Advanced malware uses multiple layers:

Stage 1: Outer packer (custom XOR stub)
  → Decrypts Stage 2 in memory
Stage 2: Inner packer (Themida/VMProtect)  
  → Unpacks Stage 3 in new allocation
Stage 3: Shellcode loader
  → Reflective DLL injection of Stage 4
Stage 4: Final payload (RAT, stealer, etc.)

Each stage requires separate unpacking.

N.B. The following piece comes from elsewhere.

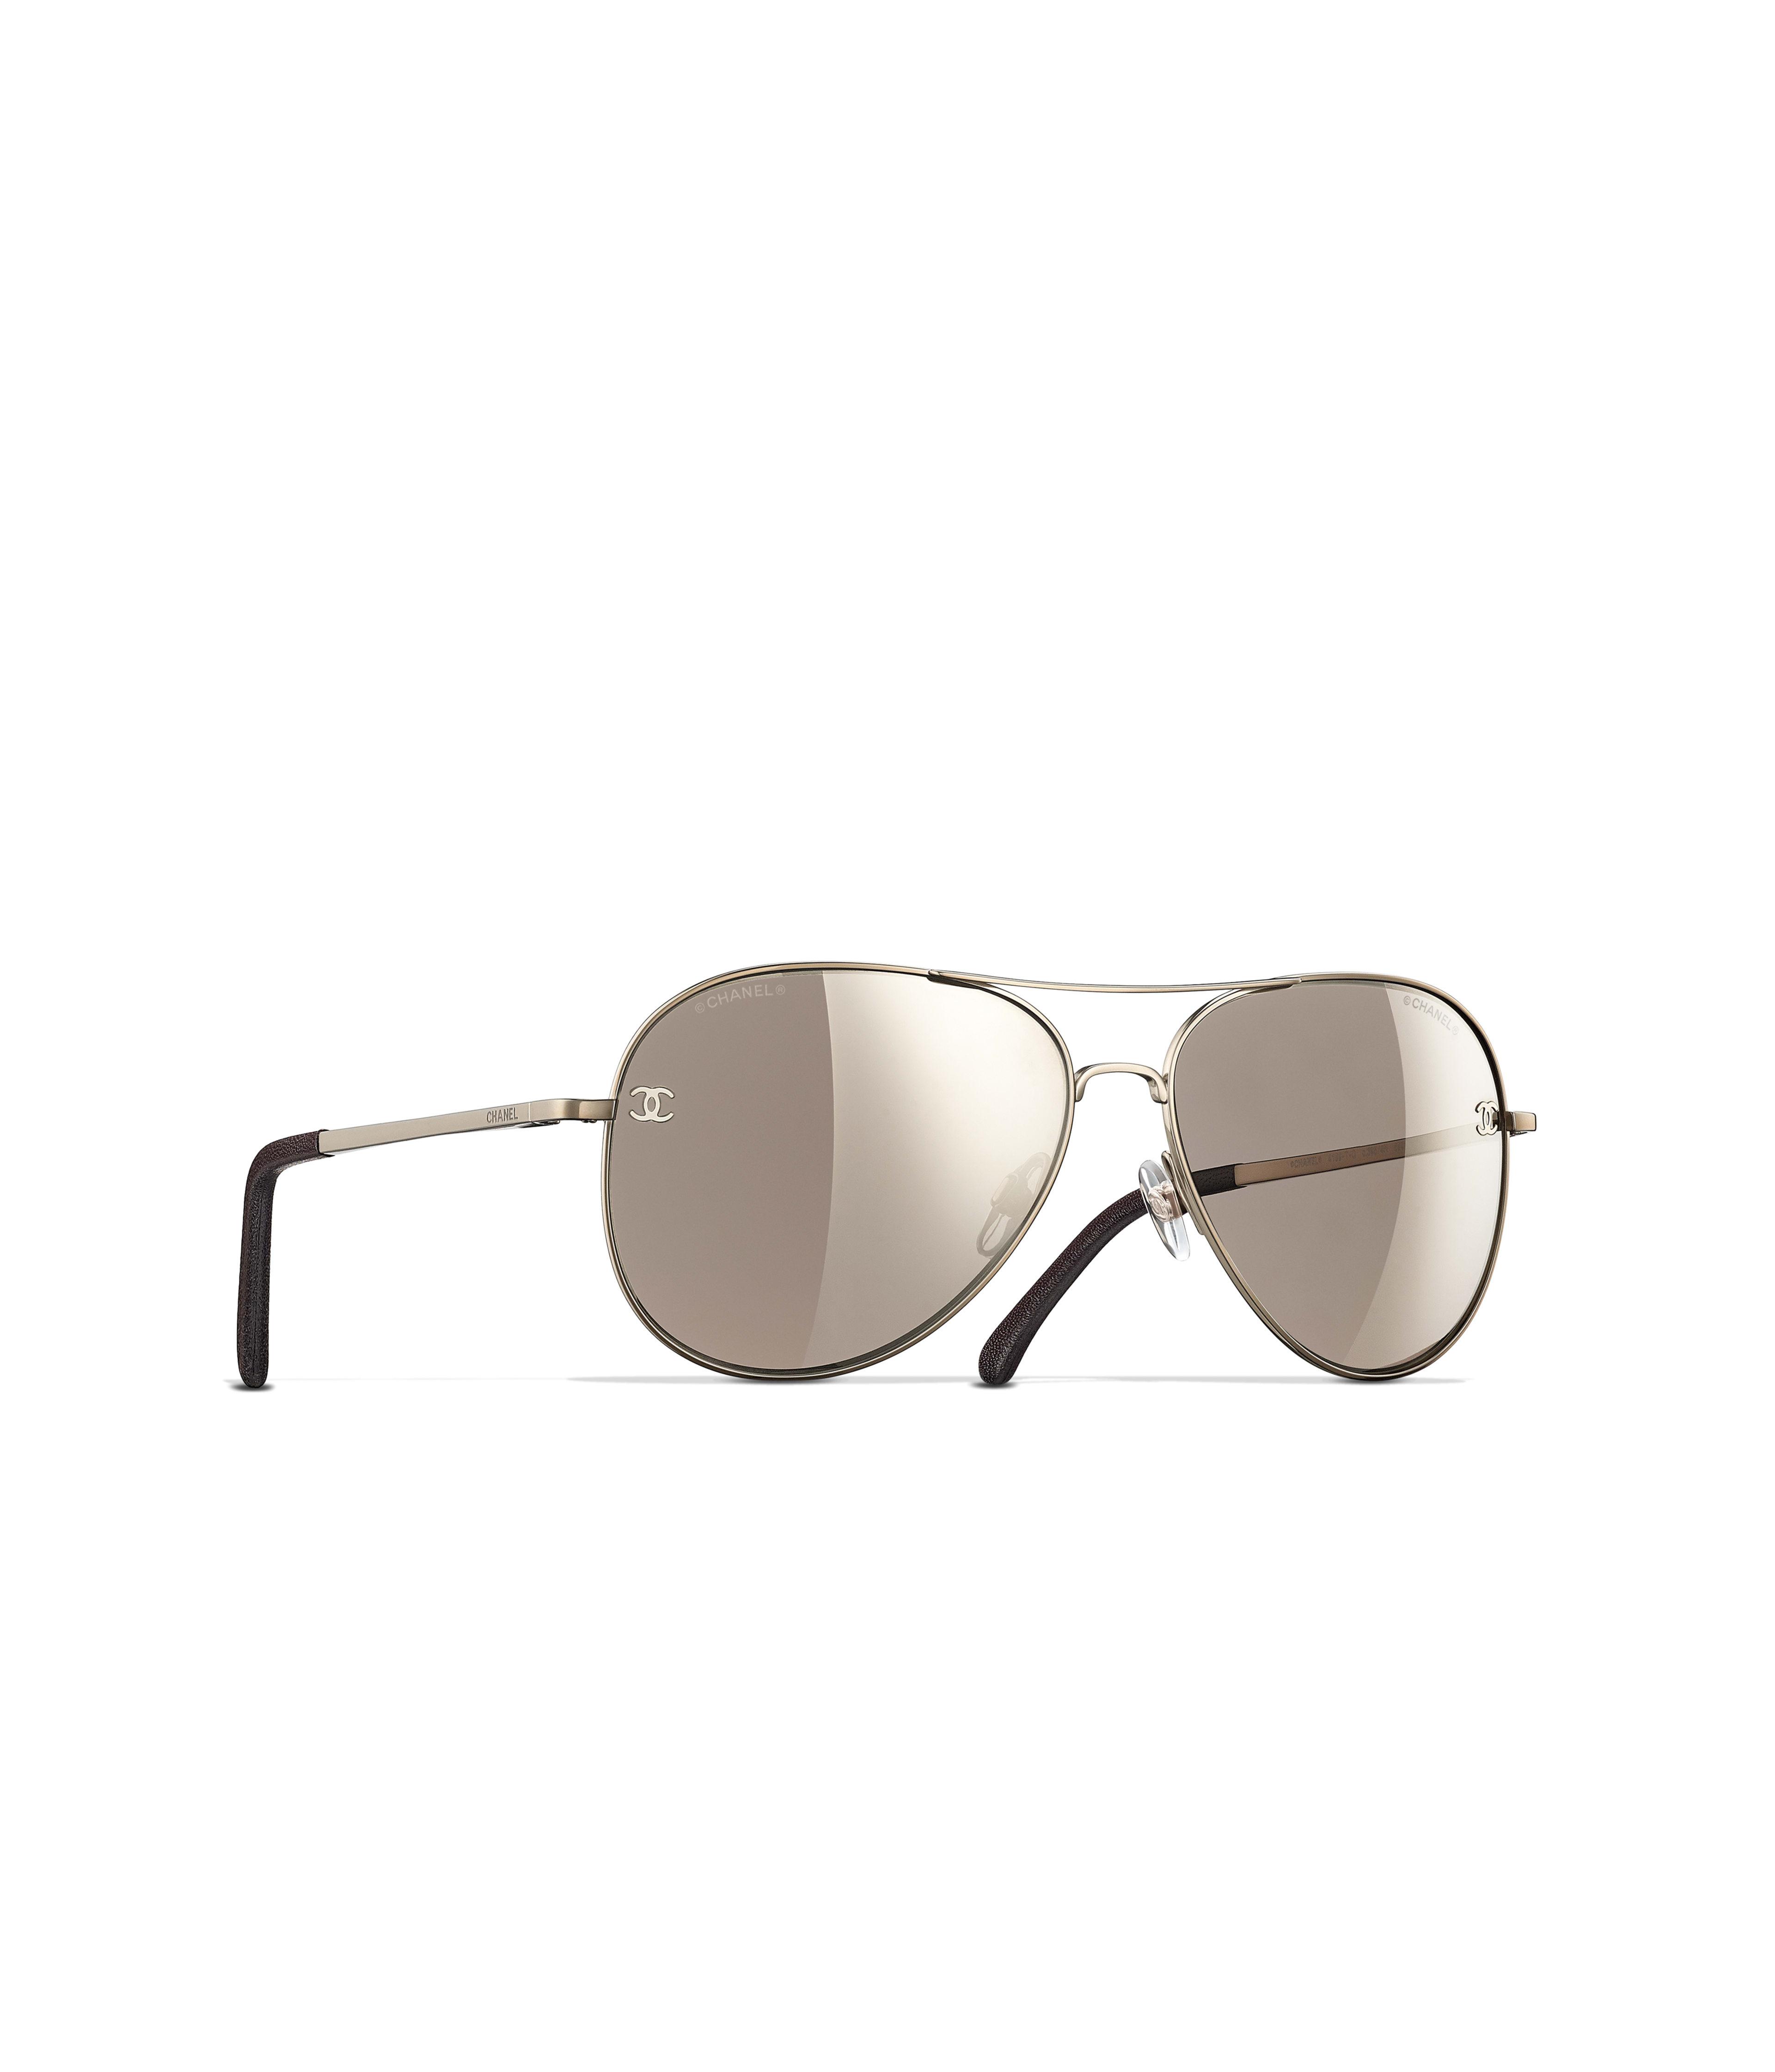 e572266bf1 Pilot Sunglasses Ref. 4189TQ C395 6G

Set breakpoints on VirtualAlloc/VirtualProtect to catch each transition.

Automated Unpacking

For known packers, automated tools save time:

  • unipacker - Generic unpacker using emulation (Unicorn engine)
  • PE-sieve - Detects and dumps in-memory implants
  • Mal-Unpack - Dynamic unpacker using API monitoring
  • ANY.RUN / Triage - Cloud sandboxes that dump unpacked payloads

Indicator Extraction Post-Unpack

Once unpacked, extract IoCs:

  • Strings: floss (FLARE’s advanced string extraction)
  • Network indicators: IPs, domains, URLs, user-agents
  • File paths and registry keys
  • Mutex names (often unique per campaign)
  • Crypto keys and configurations

The ability to unpack any binary is the most fundamental malware analysis skill. Master the ESP trick, memory breakpoints, and Scylla - they work against 90% of packers you’ll encounter.